__Work required__: Look for the line containing "Green Man at Walsall Arboretum" and the line containing "Abstract Print Jonathan" in the entries below. Copy those two and all lines between them exactly, leaving out pictures.

__Available data__:

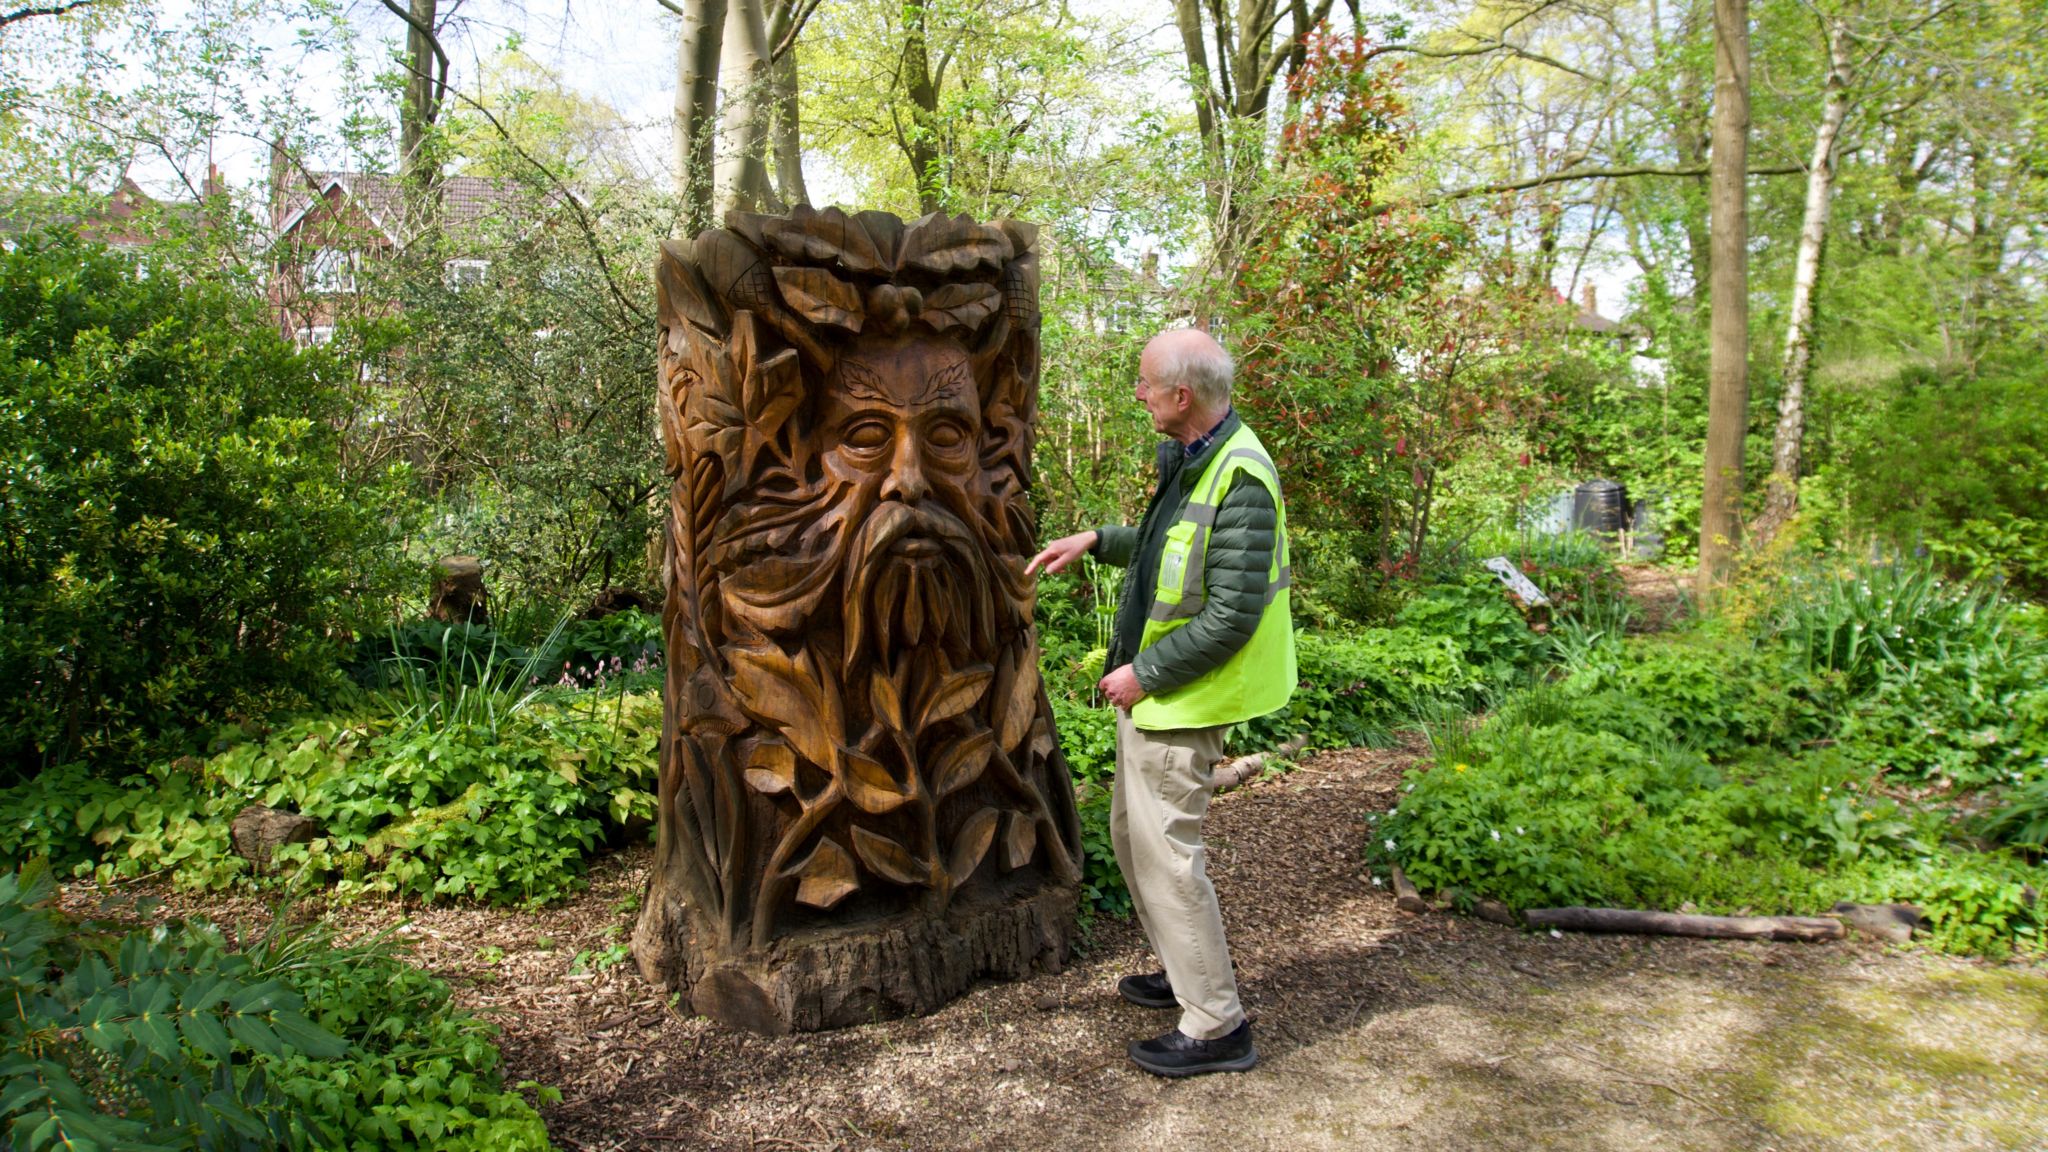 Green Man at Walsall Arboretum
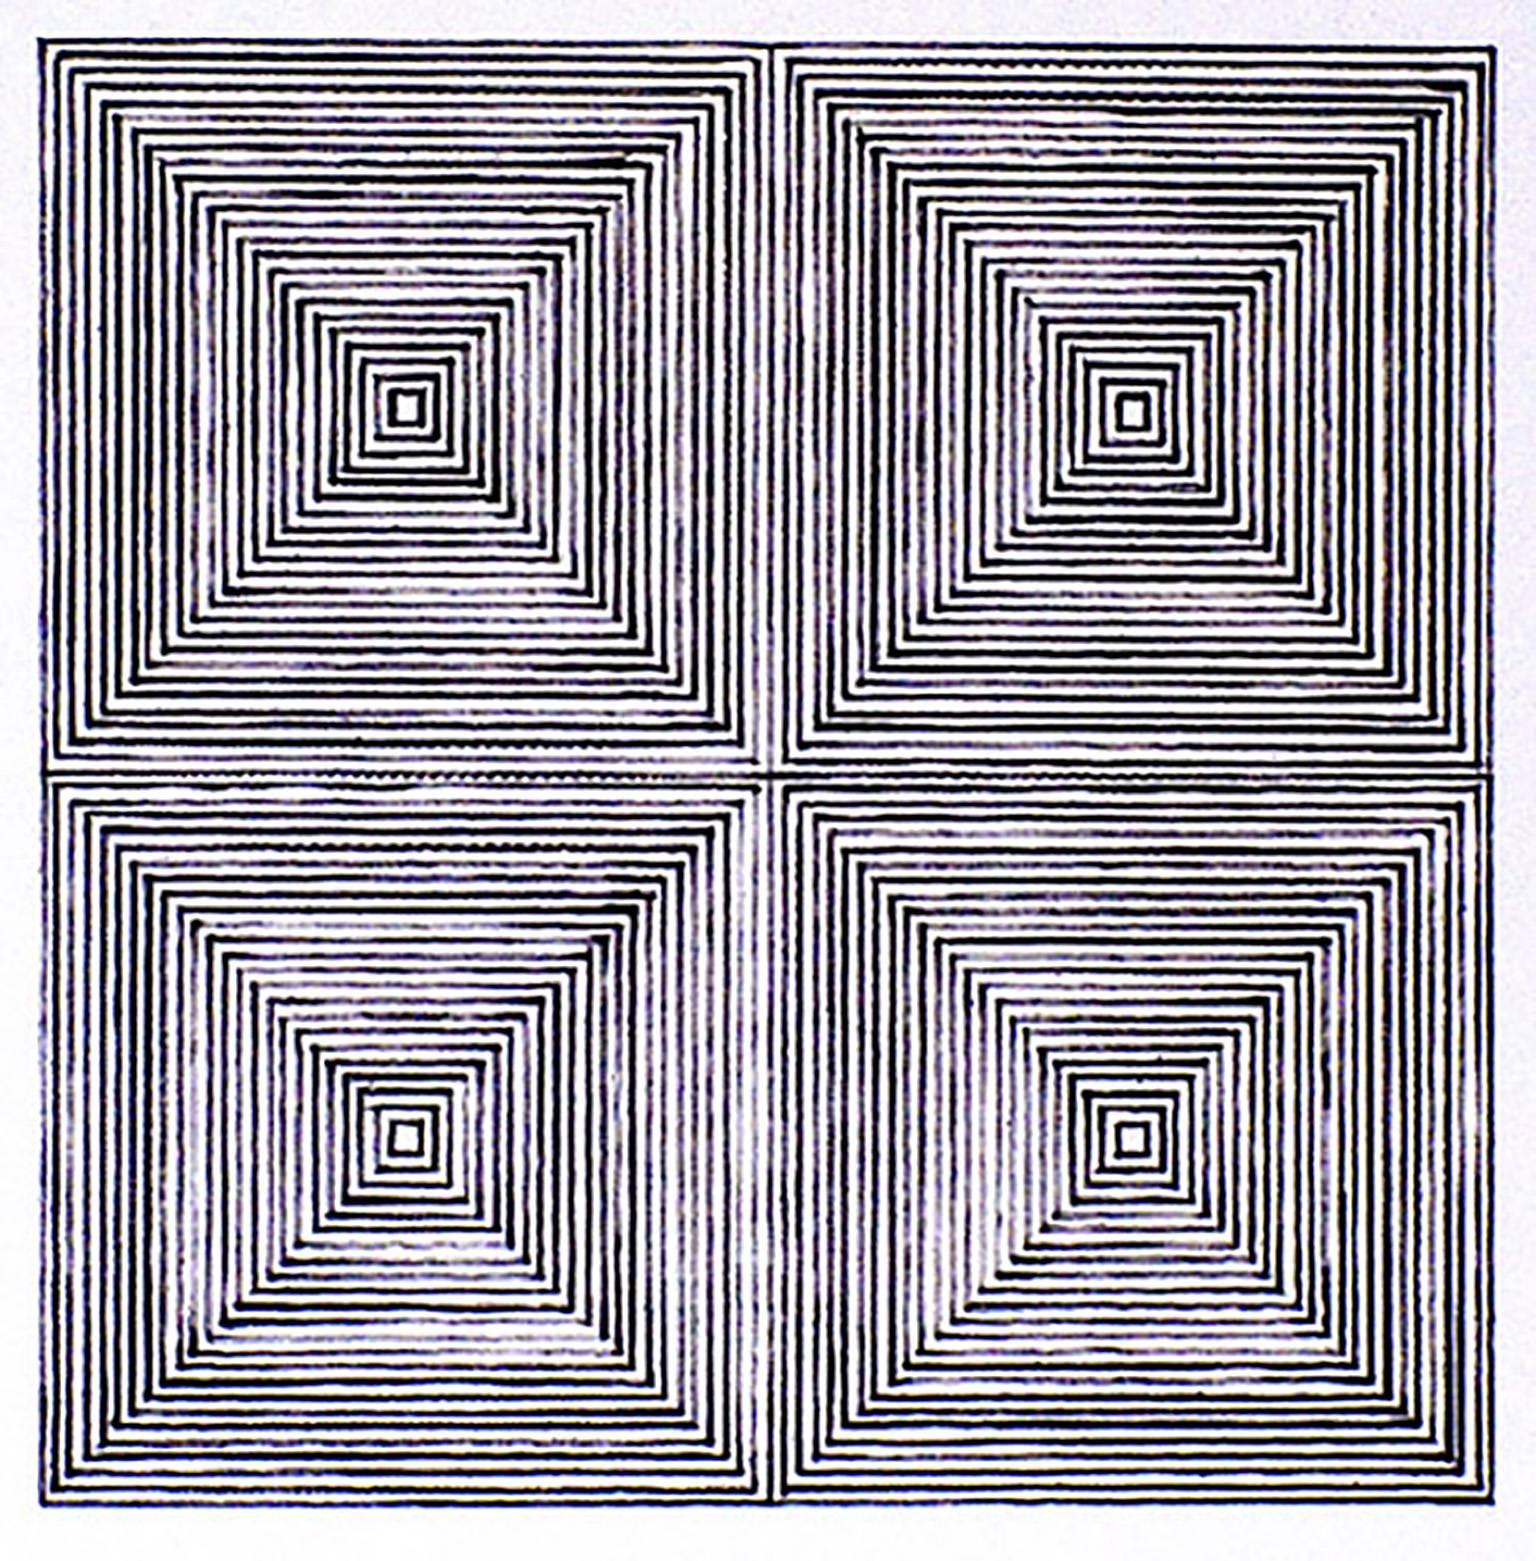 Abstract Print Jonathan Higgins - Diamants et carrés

* * *

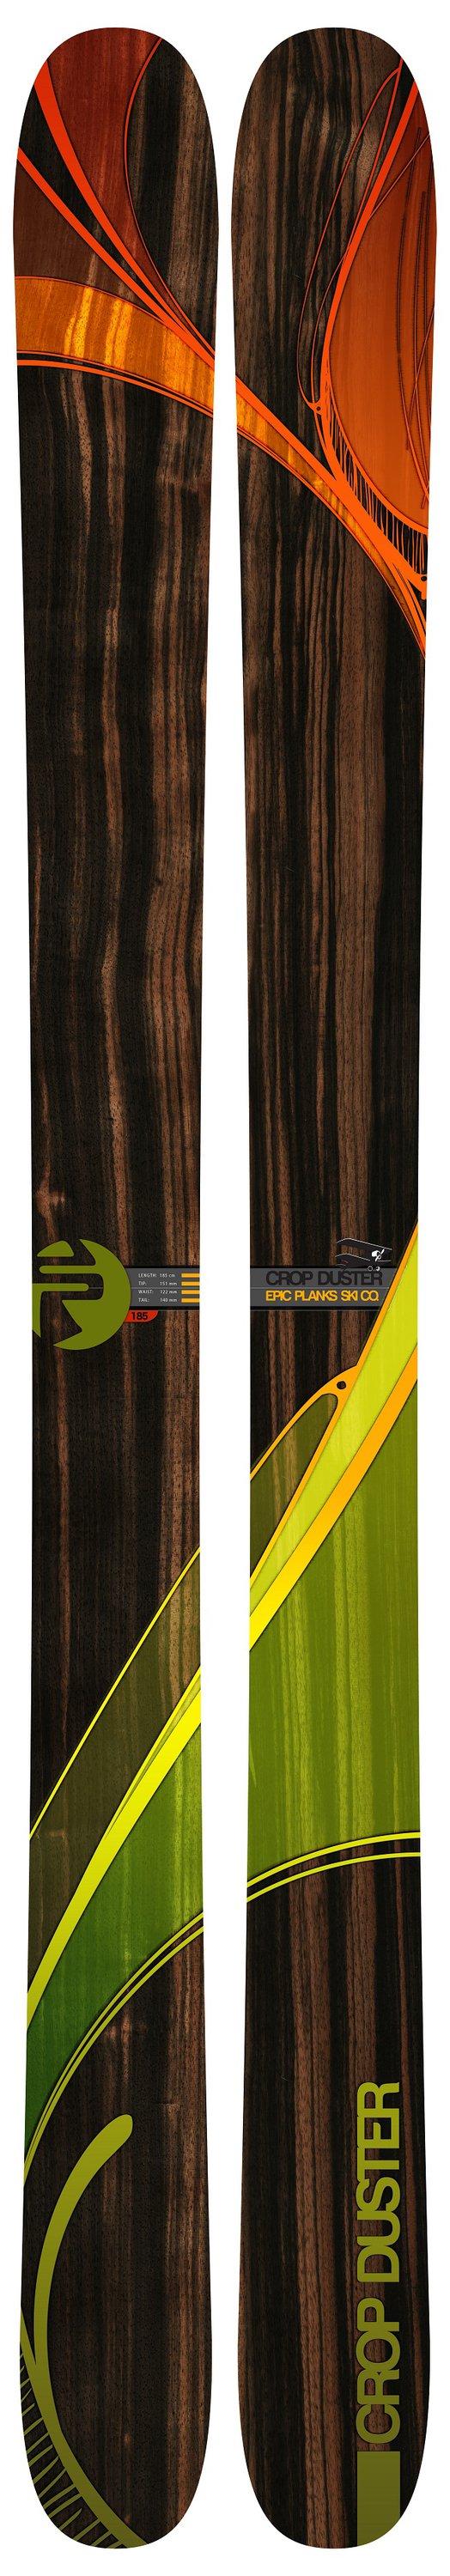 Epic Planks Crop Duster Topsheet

__Answer below__:
 Green Man at Walsall Arboretum
 Abstract Print Jonathan Higgins - Diamants et carrés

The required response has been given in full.